His shrug distracted her. Those shoulders… She had a mental flash of tanned, smooth skin. And a strength that allowed him to support his own weight, and hers, too, as he’d moved them together into the most incredible physical experience…

“Depends on how much beer I drink,” he said, not quite smiling, but she thought he might have if their situation had been different.

“Well, don’t let me keep you.” Their beers had arrived. She took a long cold sip before he could tip his mug to her bottle—something he’d done with each and every drink they’d shared that long-ago night. Their toasts had grown more and more ridiculous as the night had worn on. If she was remembering right, they’d tipped their glasses to see-through bras and boxers at one point.

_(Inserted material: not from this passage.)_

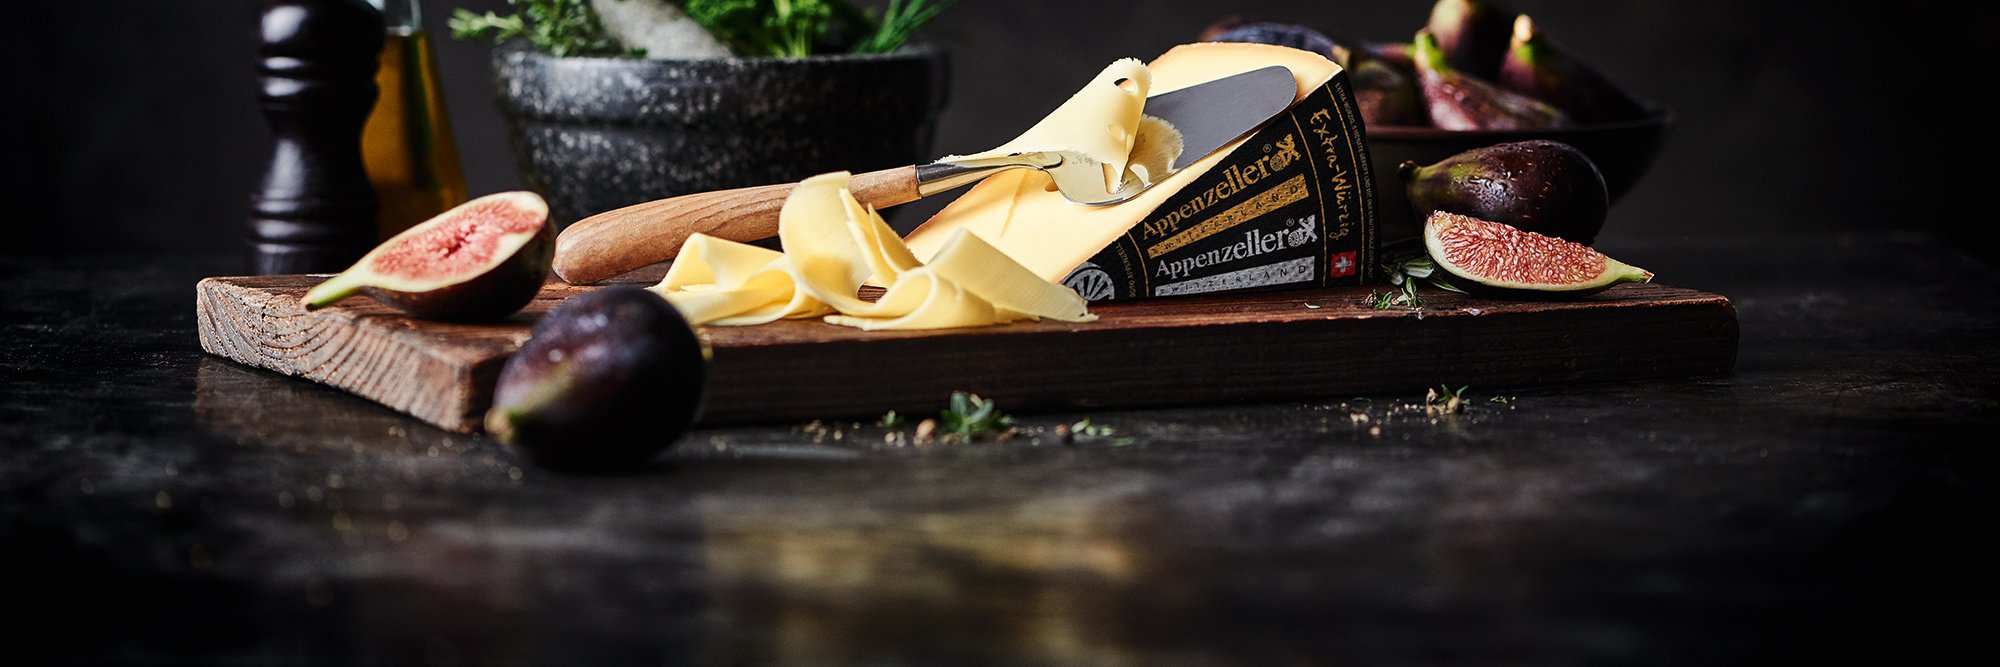 Appenzeller cheese is versatile and also tastes great in combination with fruit.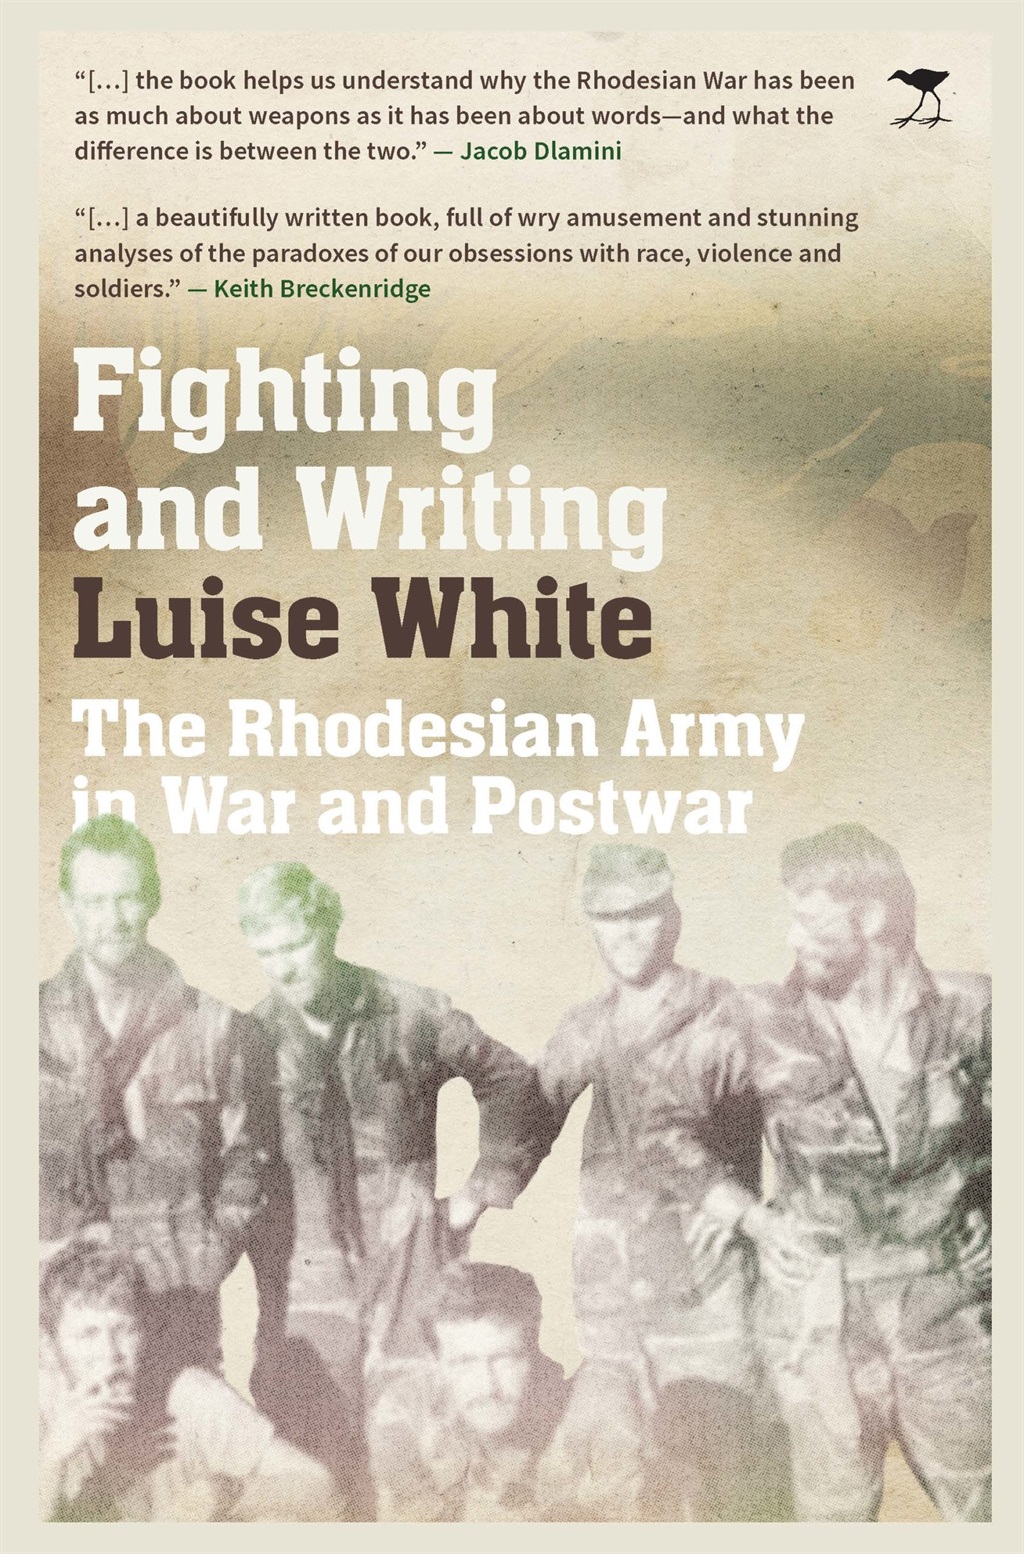 Fighting and Writing: The Rhodesian Army in War and Postwar by Luise White (Jacana)

He opened his pad before he took a sip. Got out a pen. Asked a series of questions that she knew were designed to put her at ease. Did she and Bruce purchase their house together? Had she liked it? Did she help choose the furniture? Yes, to all of the above. He wanted to know how she liked Santa Raquel. She liked it fine. Did she miss Albina? Not really.

She missed being closer to her parents, but since he didn’t ask, she didn’t reveal that piece of information.

It dawned on her, as she sipped twice as fast as he did, that he’d been driving for the past couple of hours. “Did you have dinner? They have great bar food here.”

His weakness. She knew that from Bruce.

Funny that she’d only ever seen the guy a handful of times in her life and yet knew so much about him.

Knew him intimately…

She took another sip. Her limit was three. He’d better be done with his questions by then because that was when she was leaving.

“I made a sandwich and ate it on the road.” He glanced at the tables around them, presumably to see what others were consuming, and she reached for a menu, placing it in front of him.

Her tentative theory was that if he was busy eating, he couldn’t be worrying about getting information for that pad he’d yet to write on. She really had nothing to give him that could in any way prove that Bruce had hurt Miriam. She had proof of him not keeping his word. Proof of unexplained absences. She’d caught him looking at normal adult porn on the internet once in the year they’d been married.

None of that added up to anything worthy of an investigation. Or anything criminal, either.

It just added up to a man she couldn’t accept as her partner in life. And one she tried to keep from disappointing her daughter.

“I think I’ll have this combination platter,” Mason said, looking up from the menu. “Will you share it with me?” He was getting fried green beans, onion rings and barbecued chicken niblets.

“I’ll have an onion ring or two. If you don’t eat them all.” She’d shared an appetizer platter with him once before. Really late at night, when she’d been too drunk to be aware of what was on it.

Or so she’d told herself.

In actual fact, she’d been tipsy enough not to care, enough to deaden the pain, but she hadn’t been too drunk to know about the choice she’d been making. She’d known, when she went to bed with him, exactly what she was doing. She simply hadn’t cared how wrong it had been.